Elle avait des tonnes de lecteurs dévoués, qui jaillissaient lorsqu'ils la rencontraient au supermarché ou à la bibliothèque et appelaient la maison avec une idée d'histoire ou un commentaire. Elle a répondu à tous les courriers des fans.
« Dans un reportage, elle a toujours trouvé le côté humain », a déclaré Amy, « et dans ses chroniques, c'était cette synergie vraiment étonnante de spécificité et d'universalité. »
« Si elle écrivait sur le gars qui a réalisé les décors de Un violon sur le toit« , a ajouté Nancy, » Il ne s'agirait pas du décor; il s'agirait du fait que pendant qu'il réalisait les décors, sa mère mourait d'un cancer.
Les sœurs ont décrit la voix de Sal comme un mélange d'Erma Bombeck et de Judith Viorst avec une touche d'Anna Quindlen – tous des écrivains qu'elle avait admirés et dévorés.
« Sa sauce spéciale, c'était quand elle était très émouvante et très drôle », a déclaré Amy. «Je ne pense pas qu'être mère lui suffisait. Cela lui a permis d’être une personne à part entière.
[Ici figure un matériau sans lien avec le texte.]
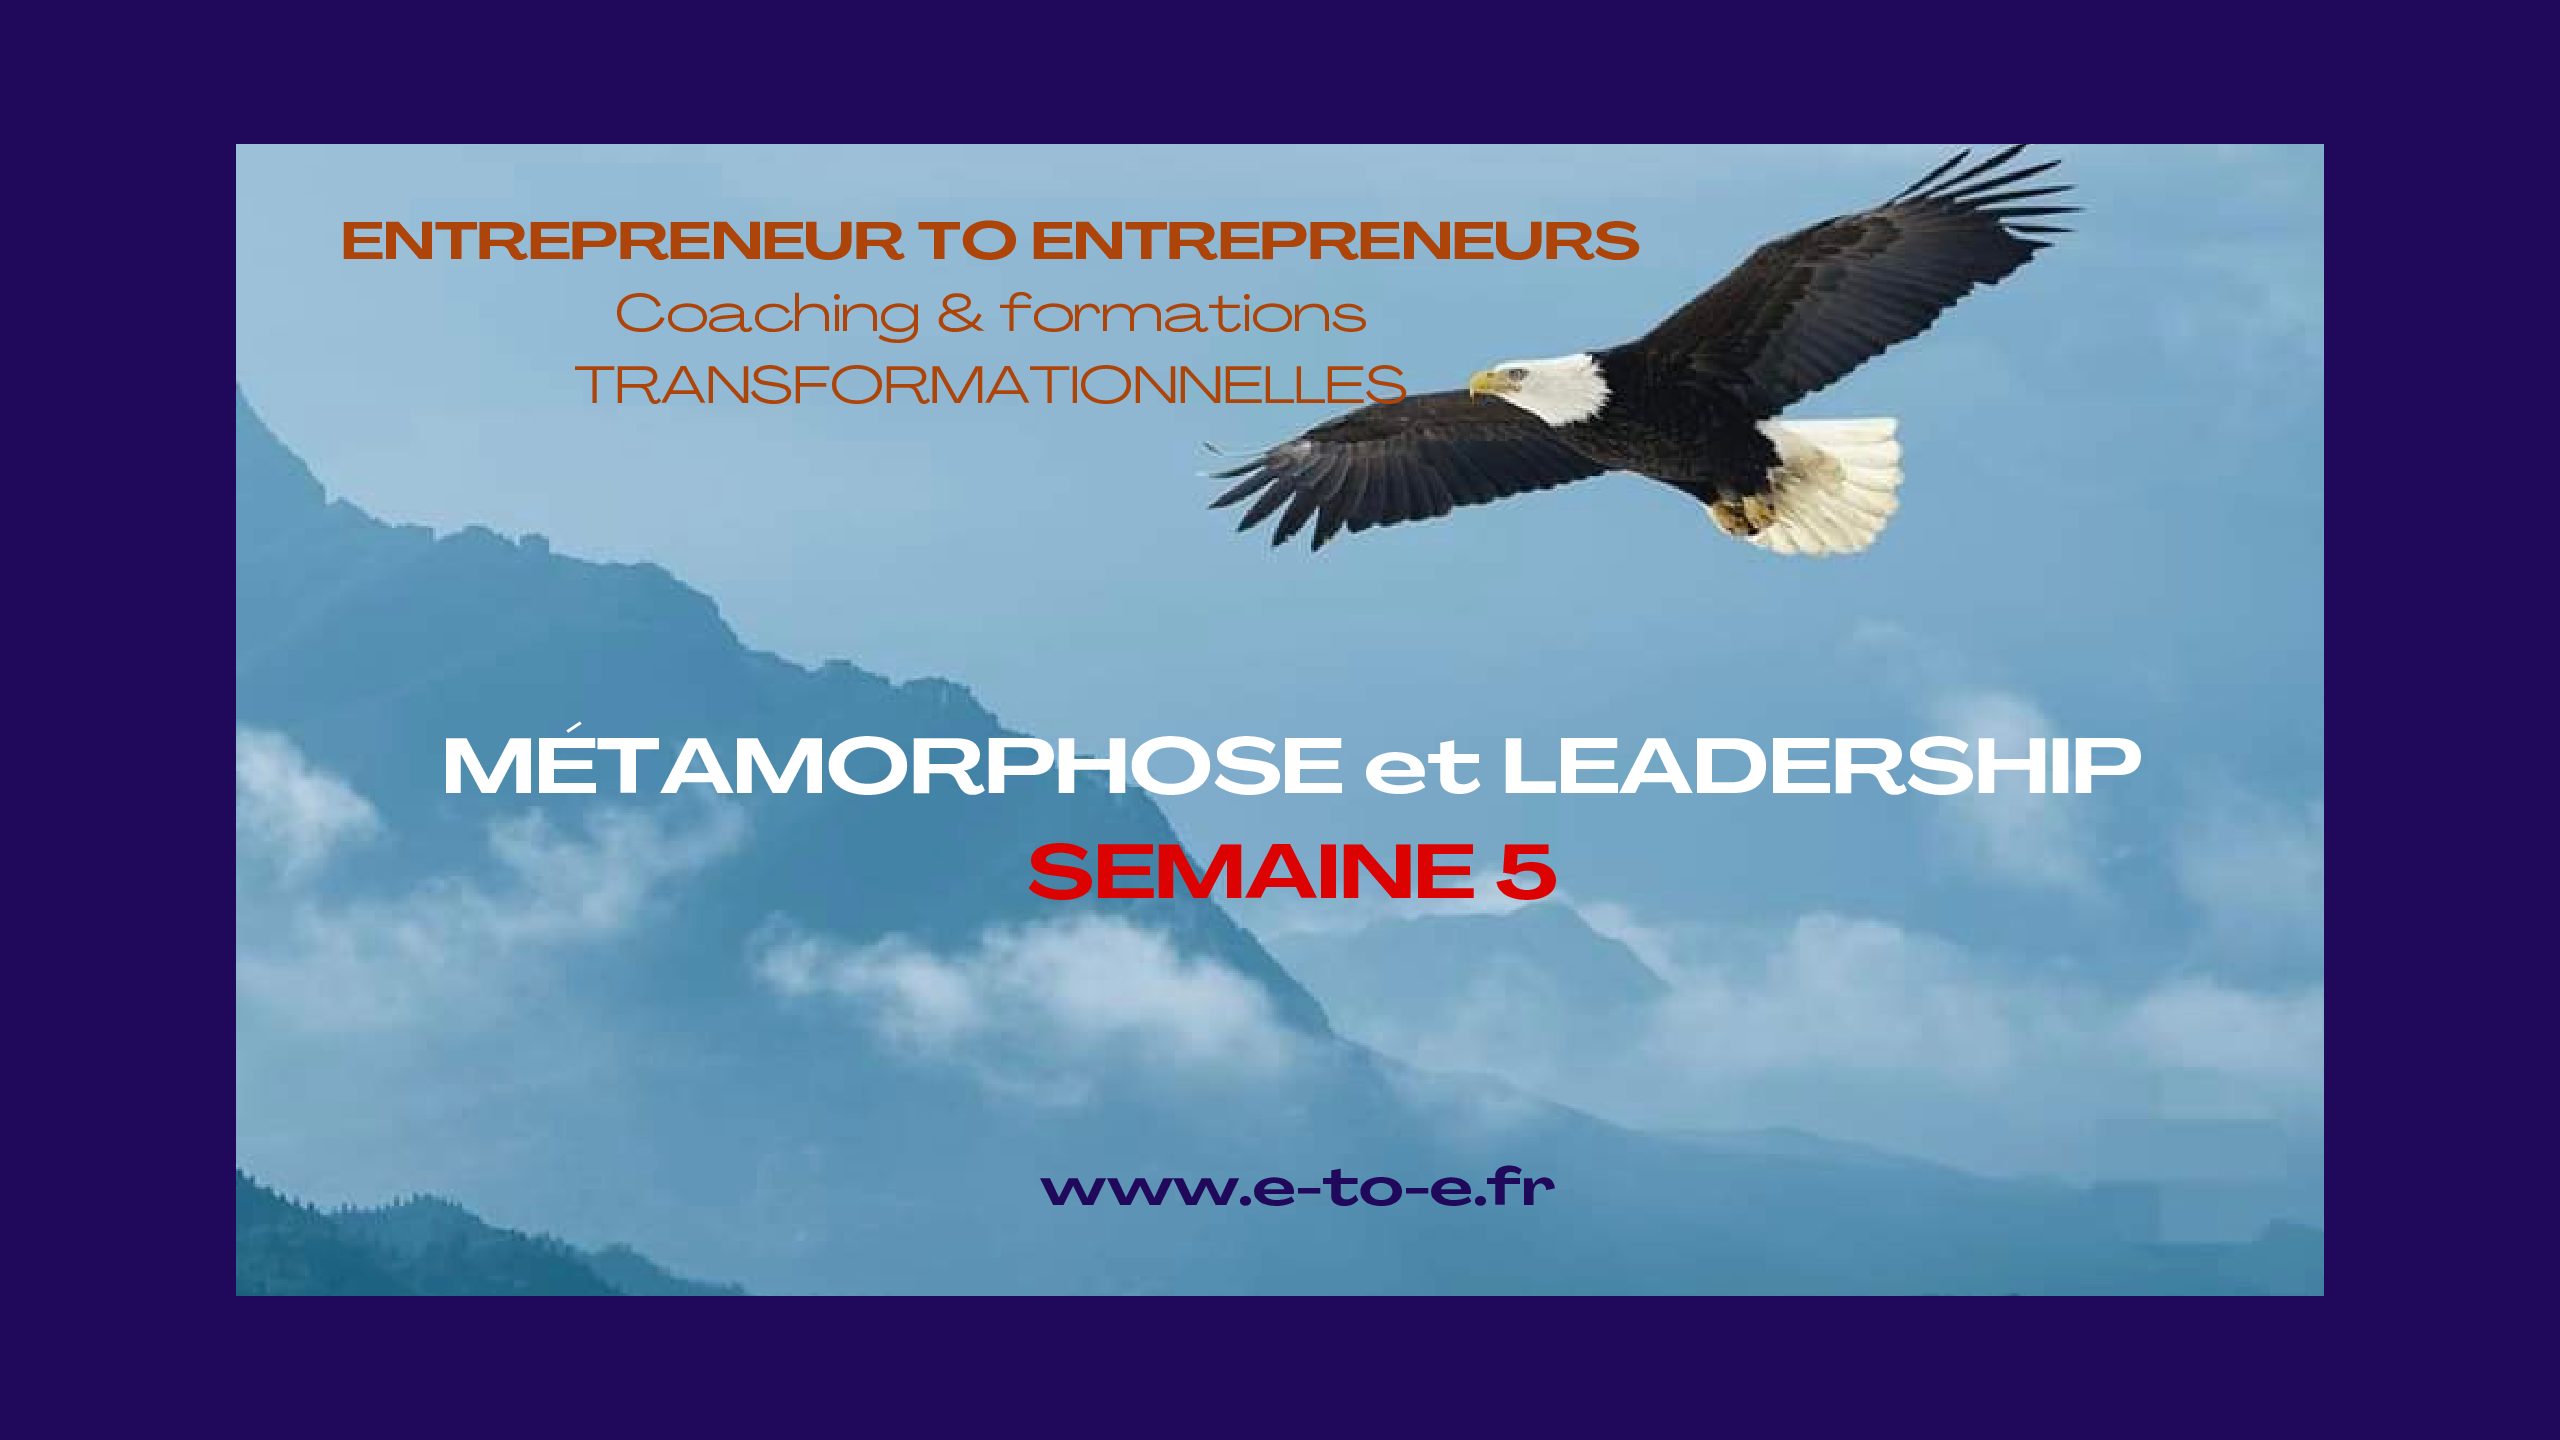 MÉTAMORPHOSE & LEADERSHIP SEMAINE 5

«Nous déplacions simplement la machine à écrire à l'heure du dîner. Son écriture était littéralement au centre de notre vie de famille, et notre vie de famille était au centre de son écriture.
Jill Friedman
Lors de la shiva de Sal, les sœurs ont demandé à notre rabbin et chantre de mélanger des chansons de John Denver dans la liturgie – Sal aimait John Denver, et longtemps après avoir perdu ses paroles, elle répondait aux siennes. Alors que nous chantions ensemble « Take Me Home, Country Roads », « Sunshine on my Shoulders » et « Leaving on a Jet Plane », mais aussi les paroles du Shema, d'Aleinu et du Kaddish, ma propre fille adolescente m'a chuchoté : « Ceci voilà à quoi ressemble la communauté.
Hannah, la petite-fille aînée de Sal, a lu l'article sur l'attente pendant une tempête pour s'assurer que l'adolescente Amy rentre chez elle saine et sauve.
«Je les aime férocement, si férocement que ça m'assomme, comme on dit», avait-elle écrit il y a toutes ces années sur ce que je ressens exactement en ce moment. « Il m'est également arrivé d'entendre la voix d'un étranger leur crier dessus, violant tous les principes de maternité parfaite et de contrôle calme. Je frémis quand je reconnais cette voix comme la mienne.
Soudain, au moment où Erma Bombeck l'aurait apprécié, Hannah fut interrompue par la sonnerie d'un téléphone portable. Il appartenait à Alan Rockoff, 92 ans, qui faisait partie de la fraternité juive Zeta Beta Tau avec Vic à l'Université Rutgers dans les années 1950. La sonnerie était forte et chantante, et annonçait le nom de l'appelant, « Marty Friedman ».
Rockoff l'a ignoré. Mais l’appelant n’arrêtait pas de rappeler, faisant éclater de rire la salle bondée. Finalement, Rockoff décrocha et aboya : « Je ne peux pas parler pour le moment ; J'écoute Sally.
Hannah a repris la lecture de la chronique : « Je sais que plus je serre fort, plus ils se retireront fort. »
Le frère ZBT de Vic et ami de Sal depuis 70 ans a gentiment demandé : « Pouvez-vous revenir en arrière d'un paragraphe ?
Elle l’a fait, et nous étions tous heureux d’entendre à nouveau les sages paroles de Sal.